*** DATASET SECTION Section Begins ***

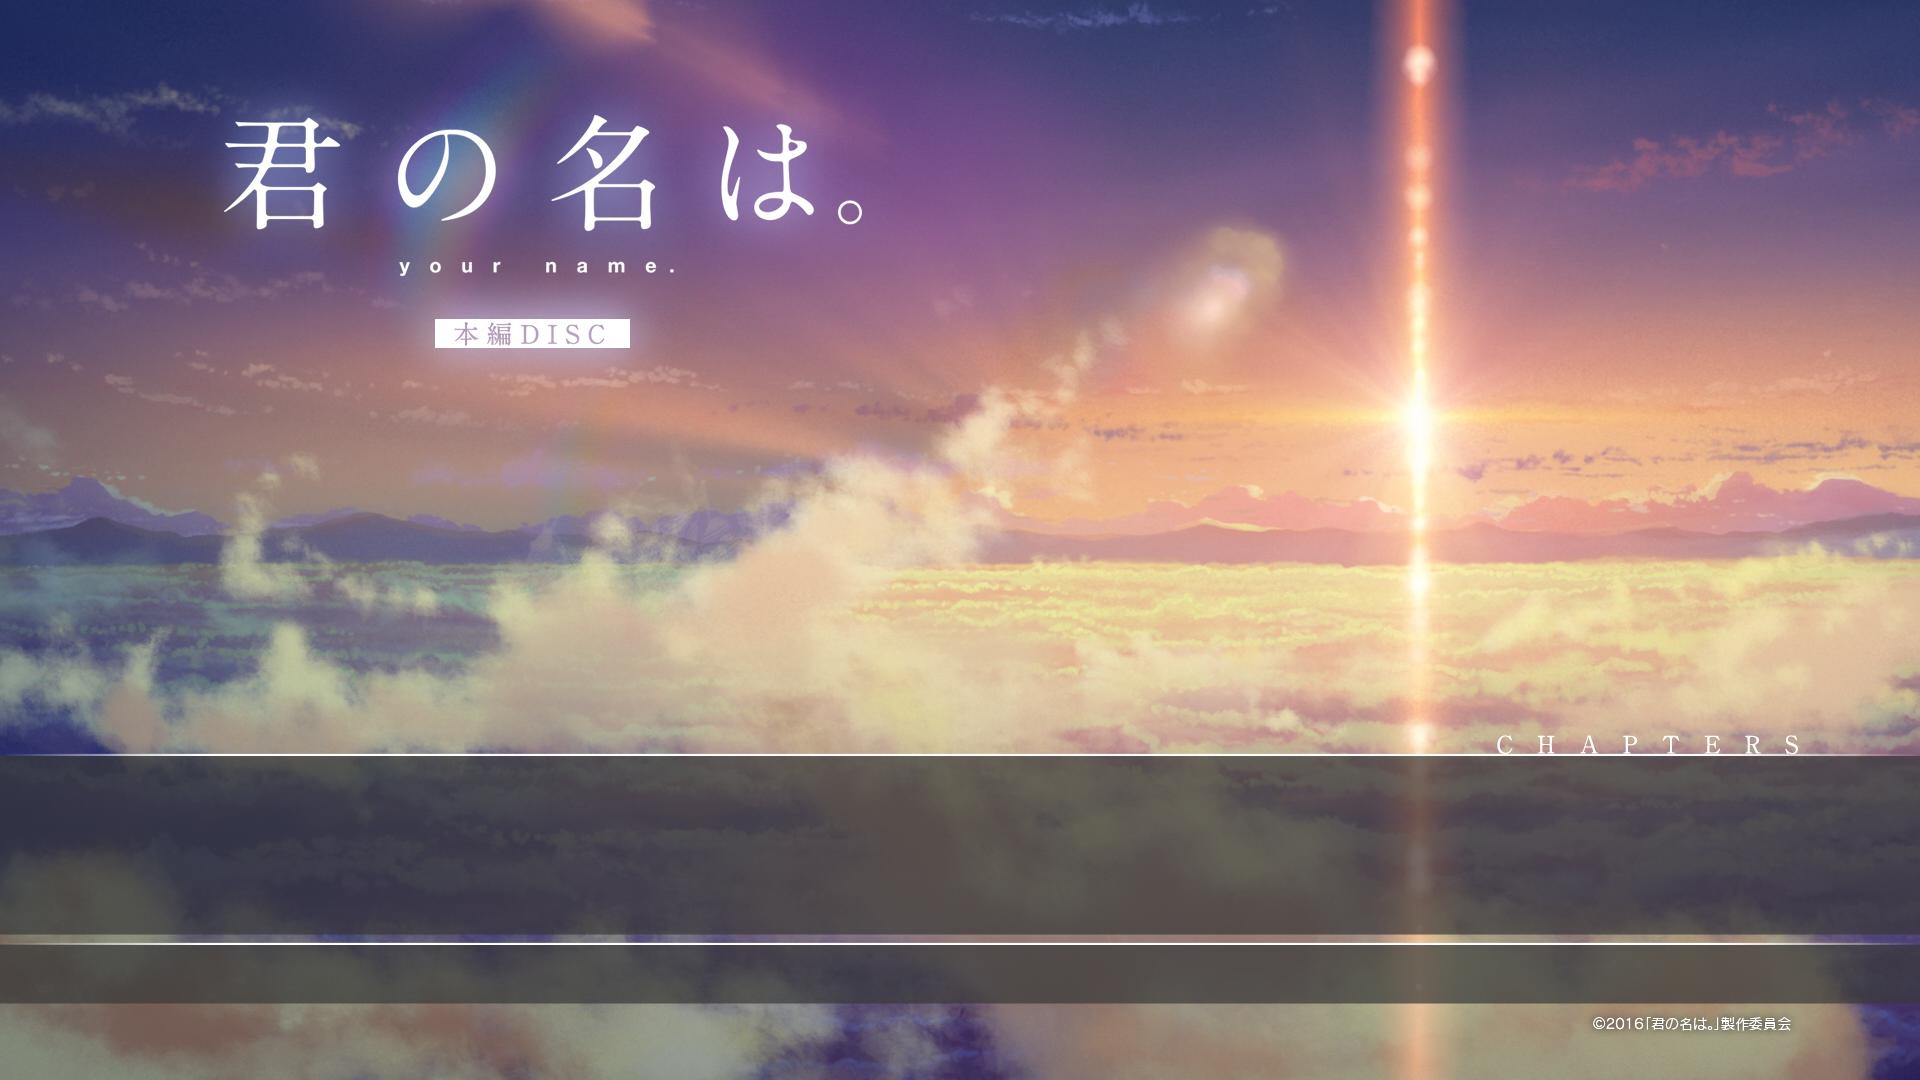 《你的名字》君の名は 特典 1080P BDRip H.265_10bit 日语+粤语+副音轨【3.95G】
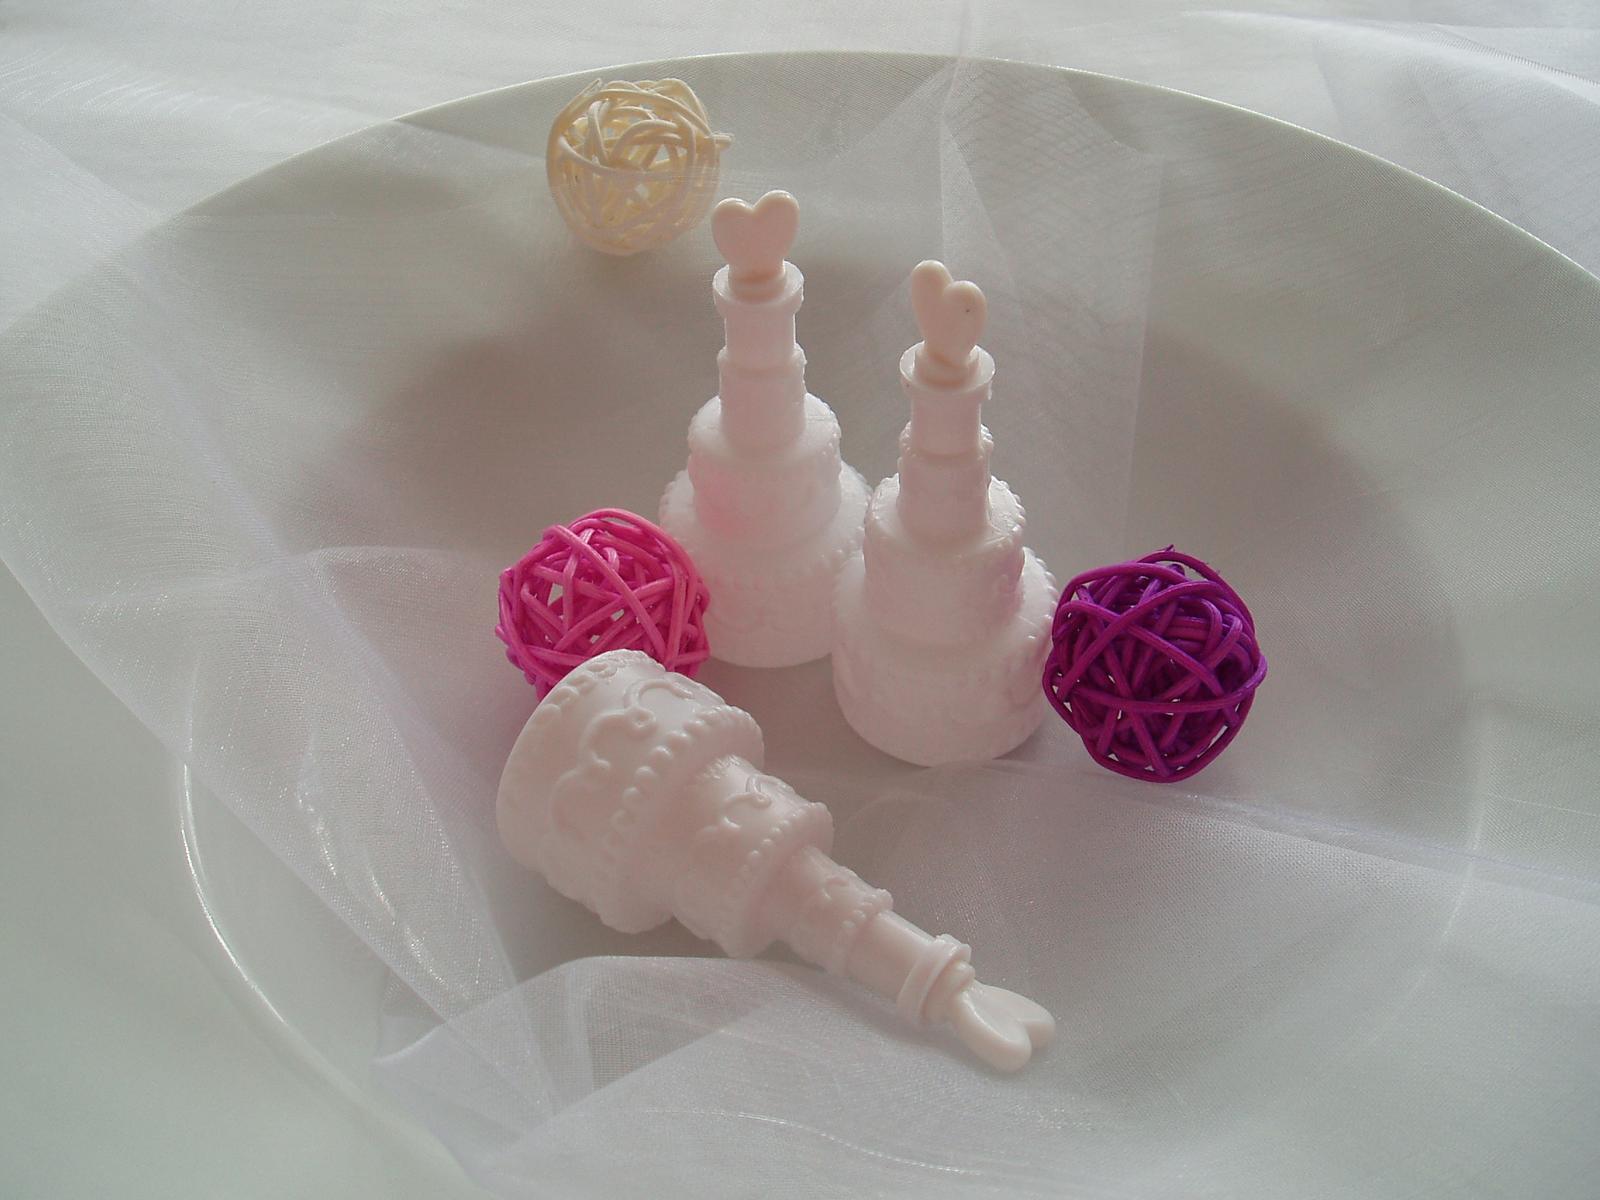 svatební bublifuk-dort - Obrázek č. 1
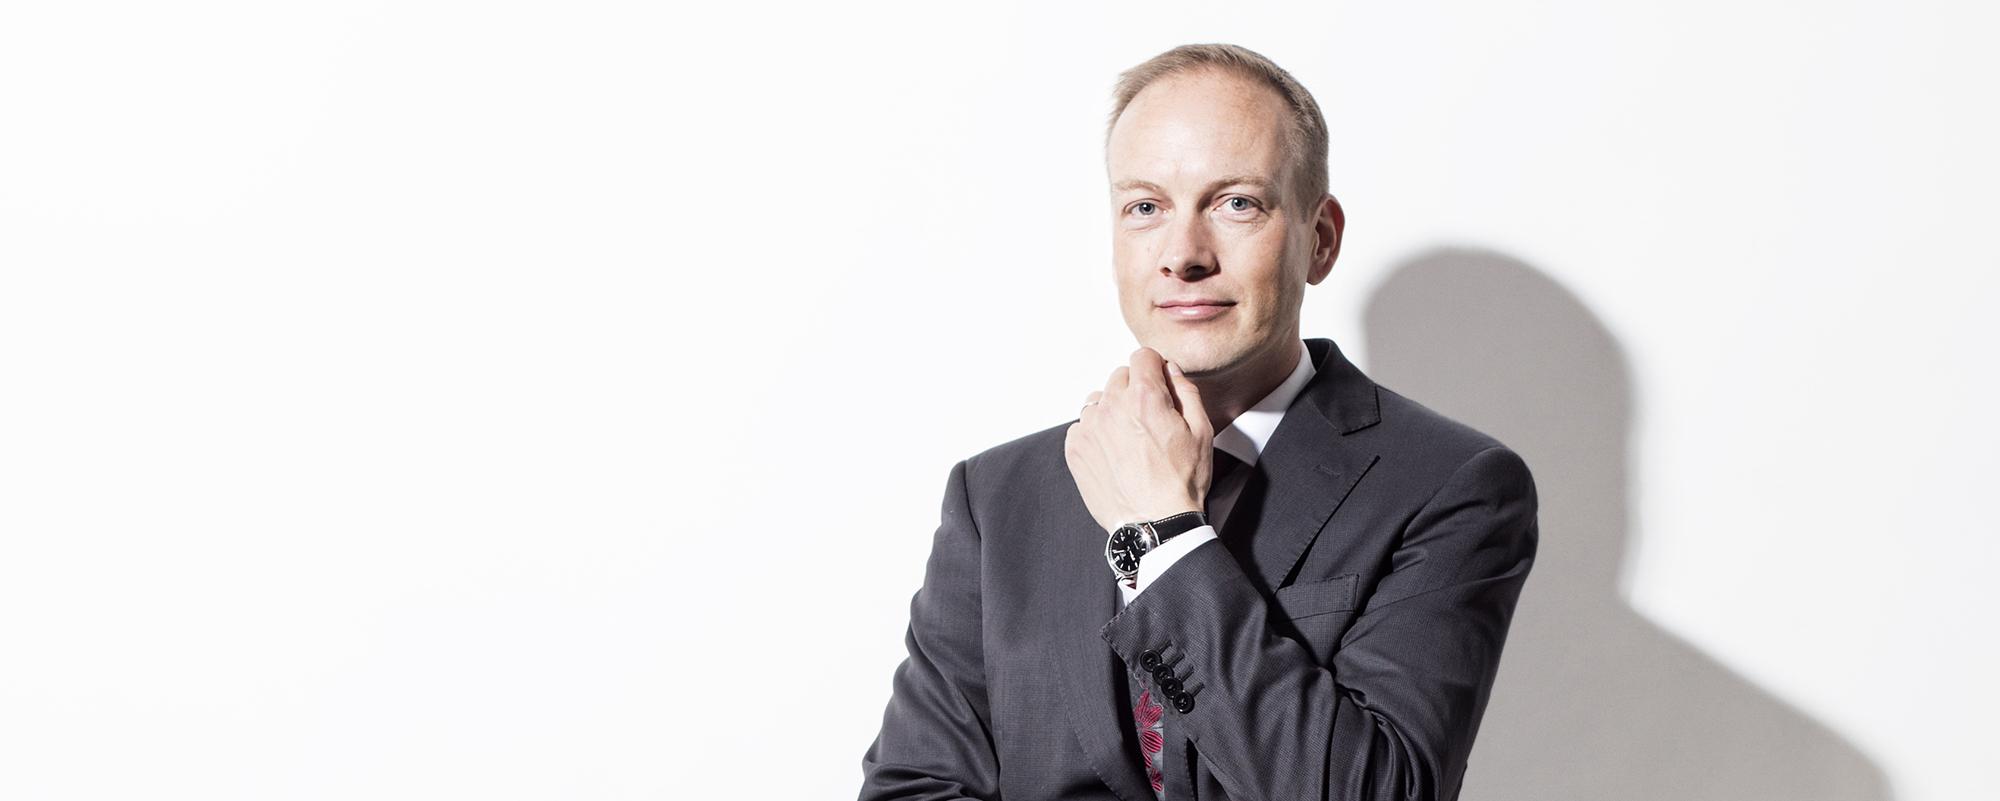 Ilari Kallio Vice President, Technology  Engines, Wärtsilä Marine Solutions Editor-in-Chief of In Detail
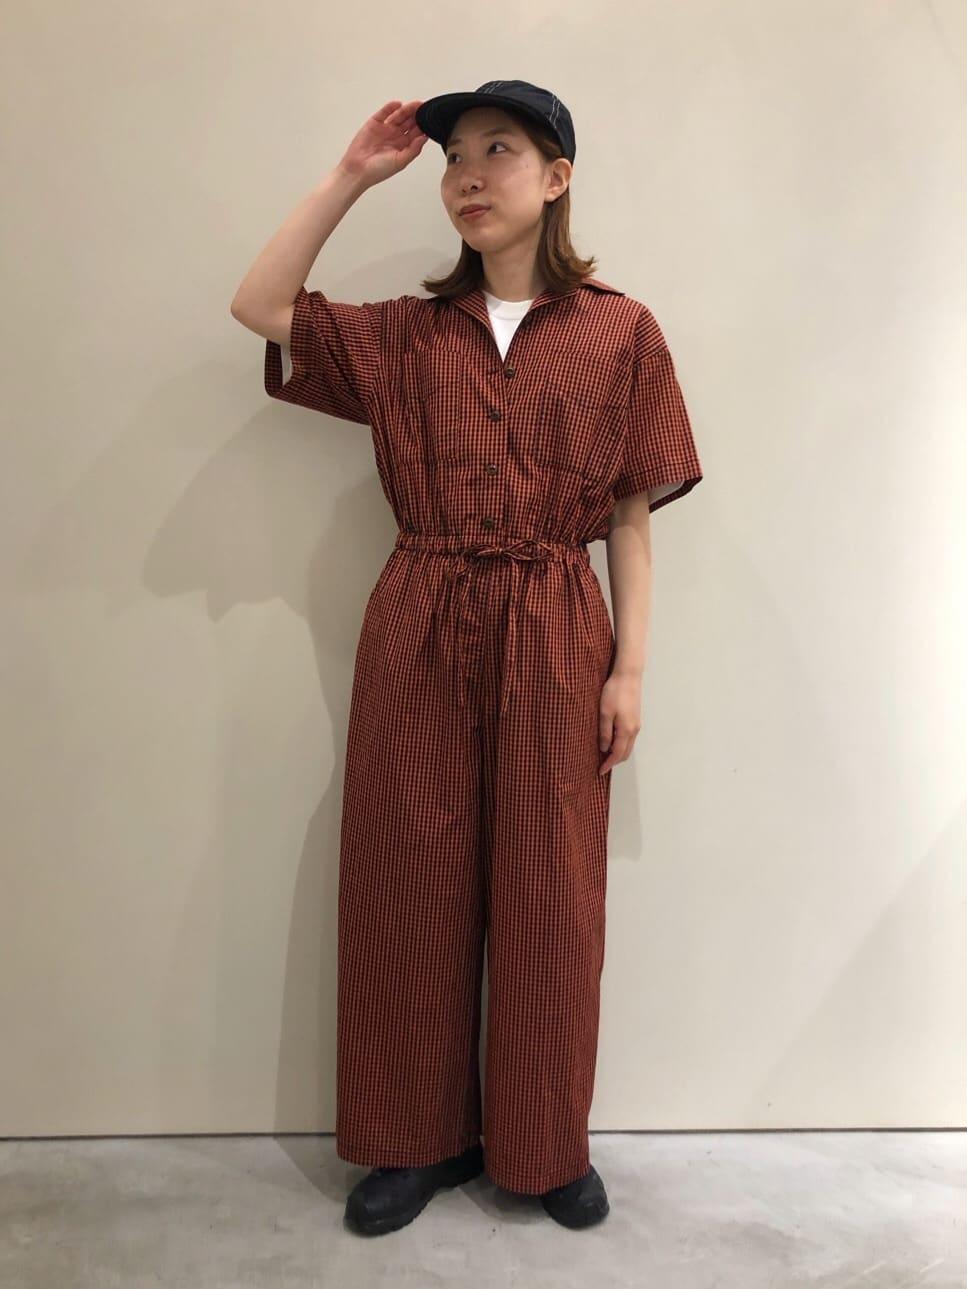 CHILD WOMAN , PAR ICI 新宿ミロード 2021.07.29

*** DATASET SECTION Section Ends ***

Print every line above once more, exactly. Omit the pictures.

§ RESULT:
 《你的名字》君の名は 特典 1080P BDRip H.265_10bit 日语+粤语+副音轨【3.95G】
 svatební bublifuk-dort - Obrázek č. 1
 Ilari Kallio Vice President, Technology  Engines, Wärtsilä Marine Solutions Editor-in-Chief of In Detail
 CHILD WOMAN , PAR ICI 新宿ミロード 2021.07.29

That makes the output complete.